Could you give the data that follows again exactly, without its pictures?

■ **Information shown**
------------------------------
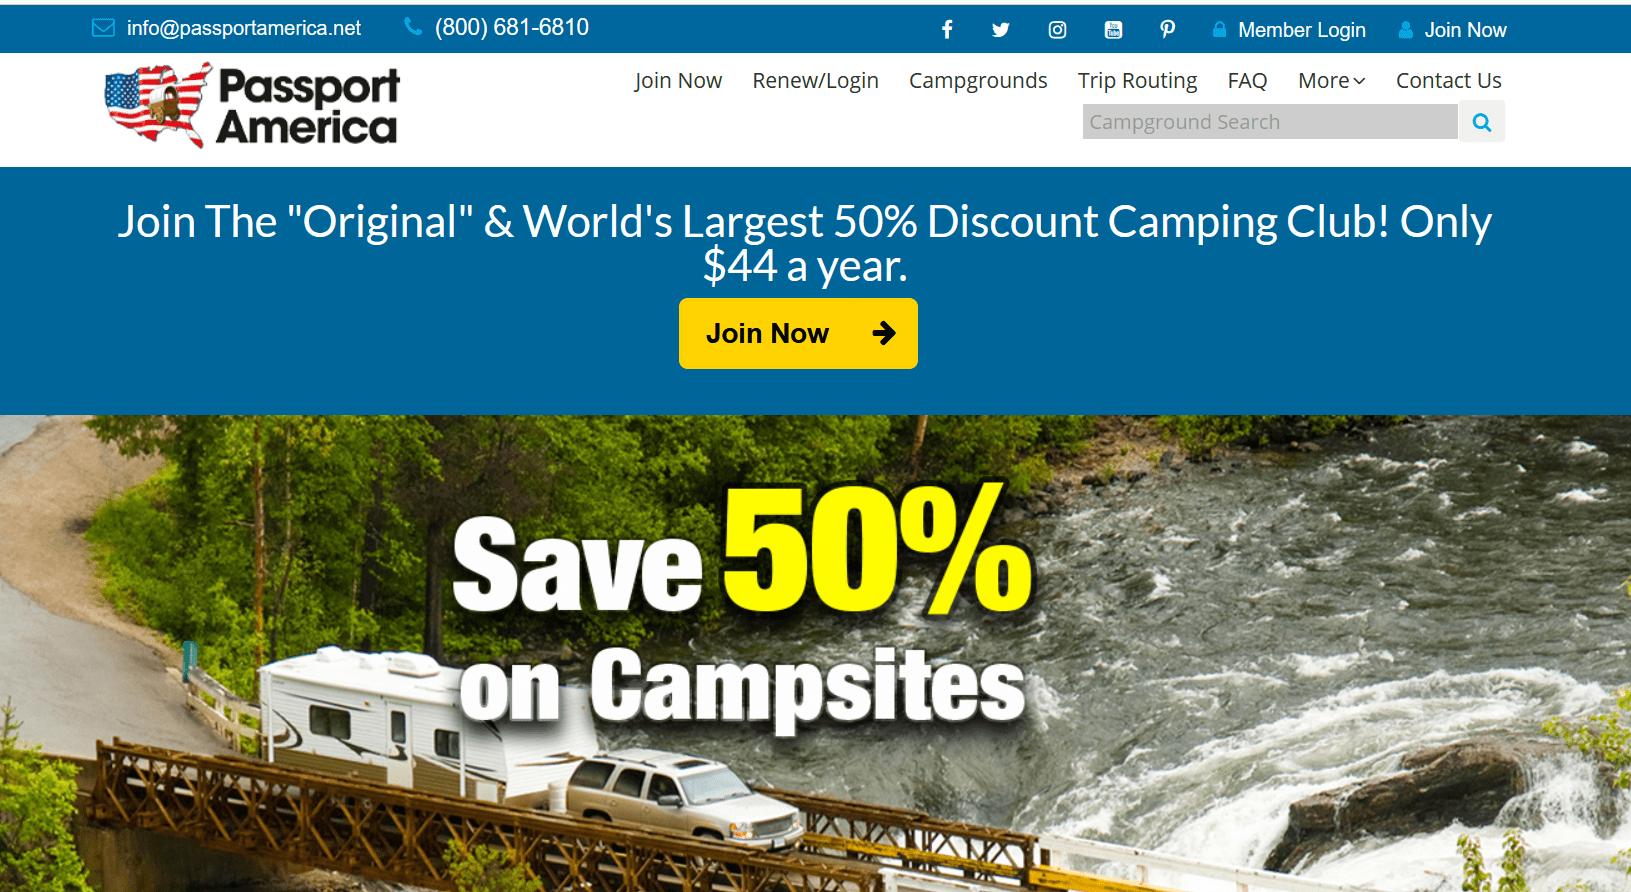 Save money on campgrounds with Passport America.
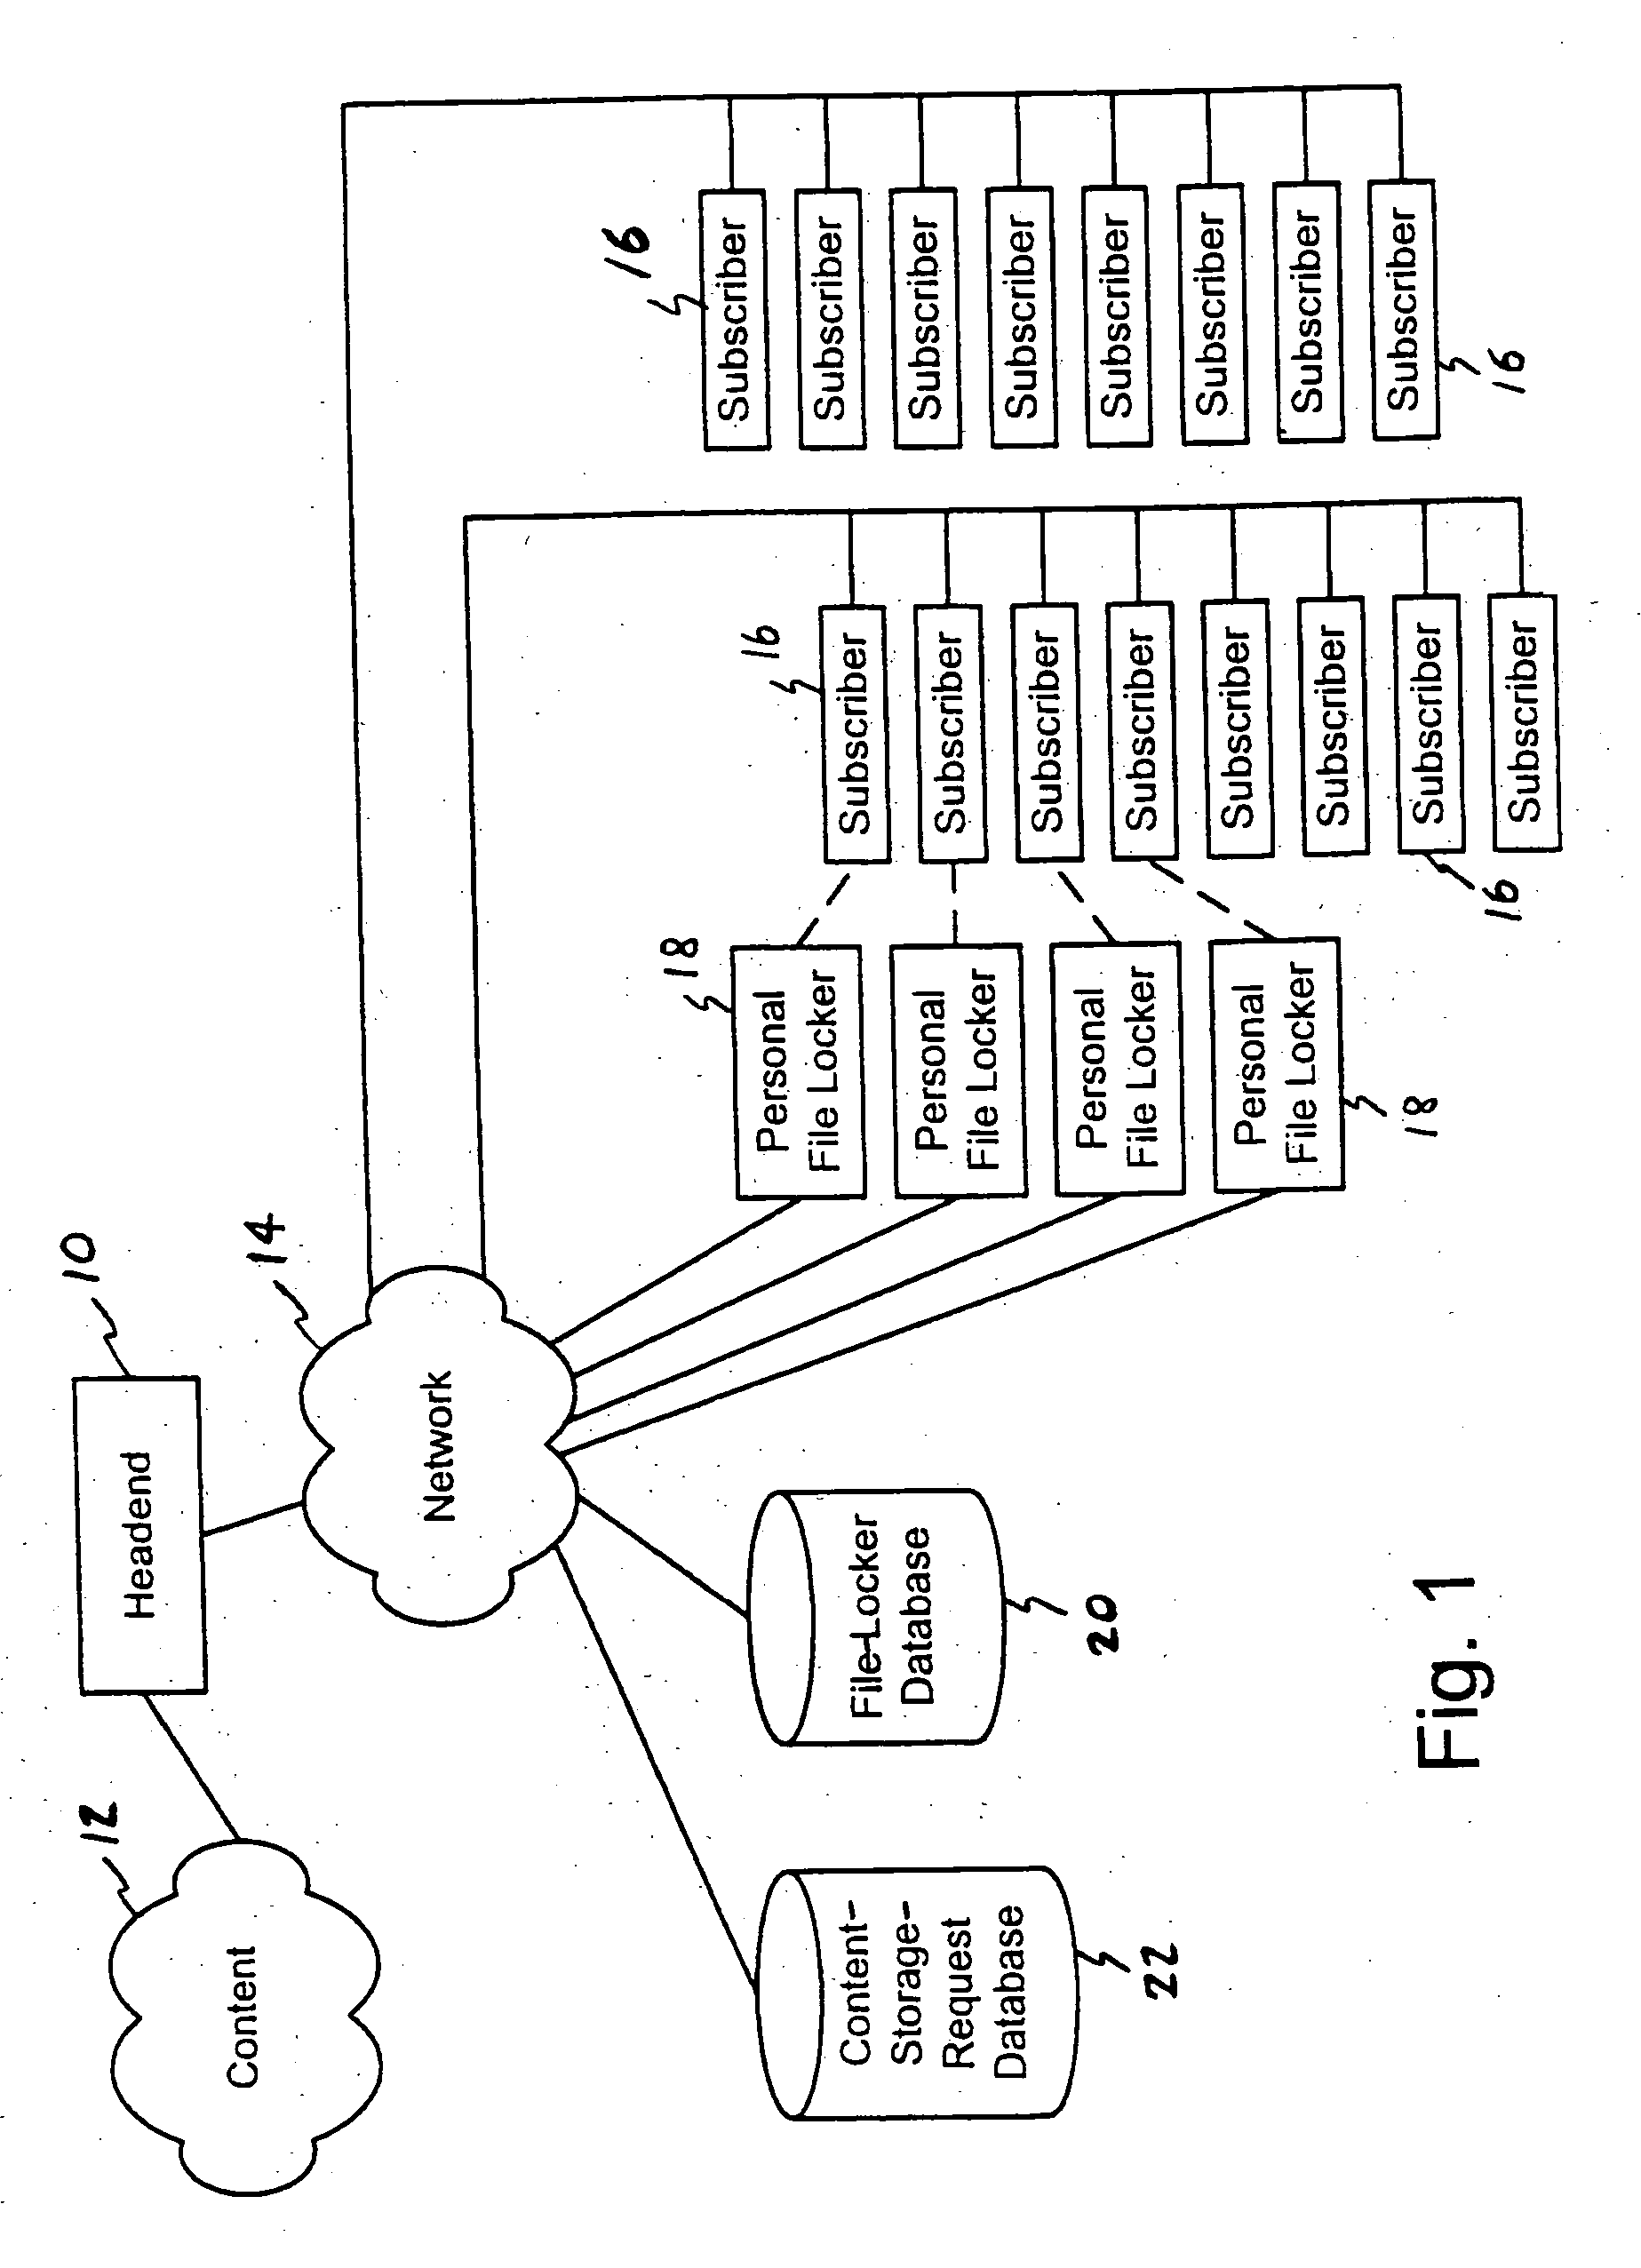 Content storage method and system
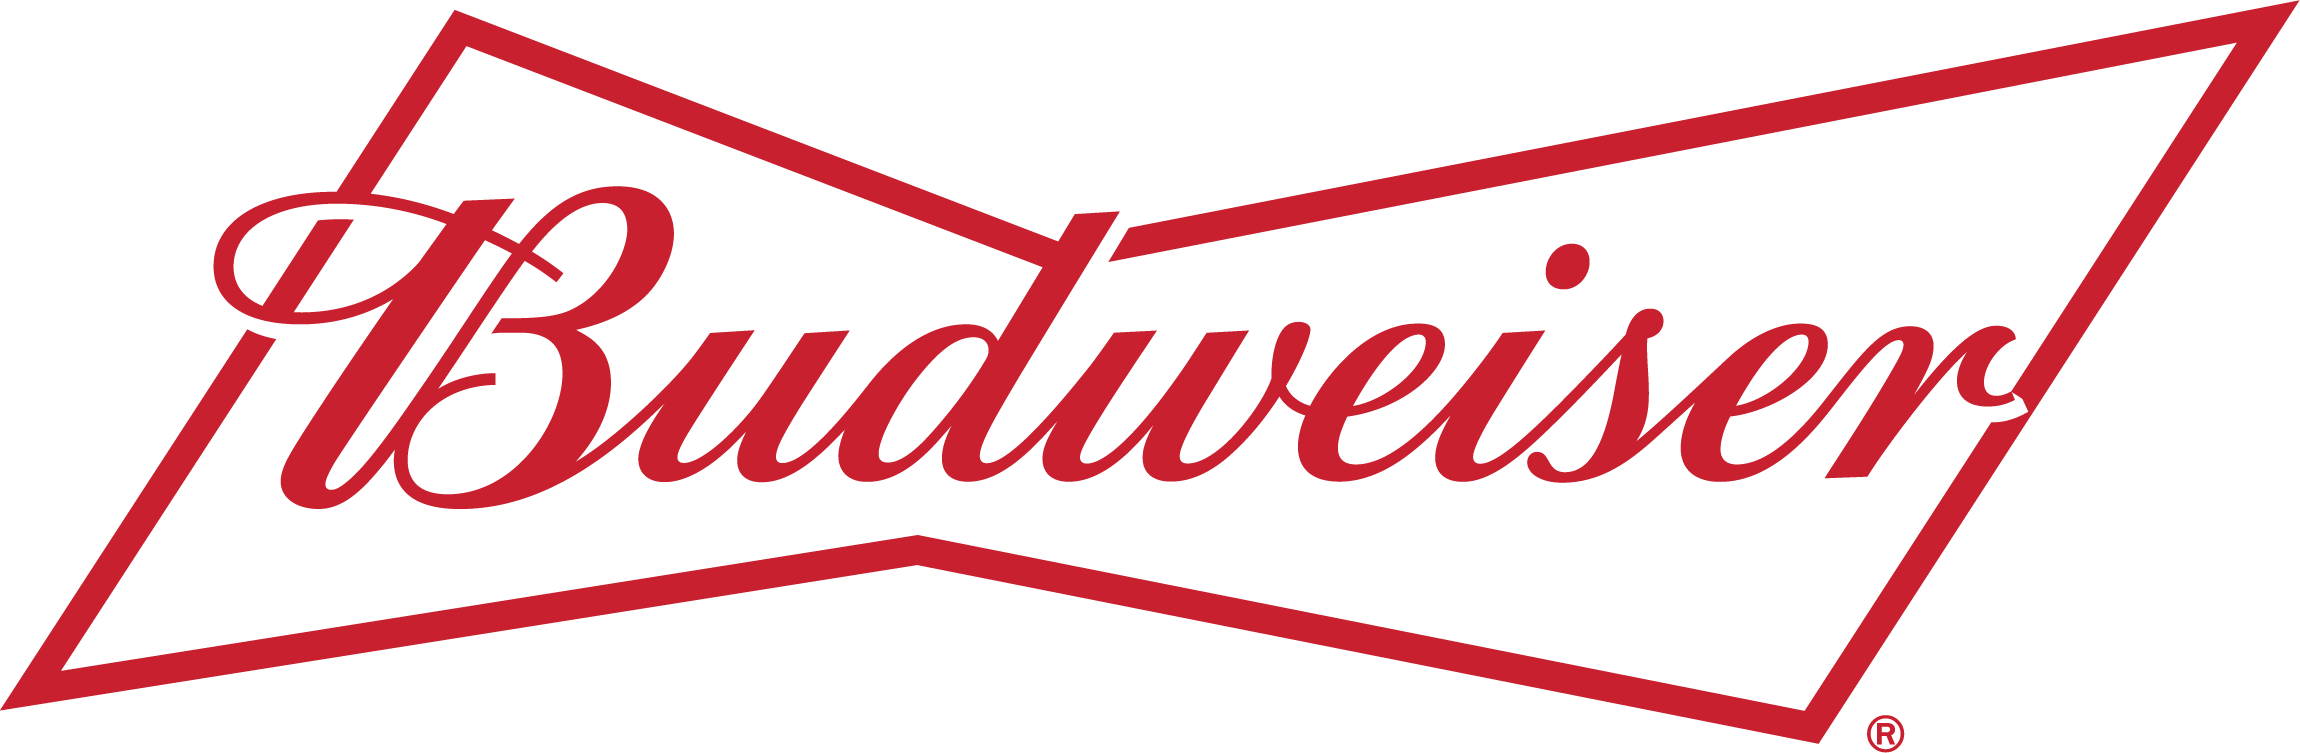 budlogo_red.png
------------------------------
■ **Answer section**
 Save money on campgrounds with Passport America.
 Content storage method and system
 budlogo_red.png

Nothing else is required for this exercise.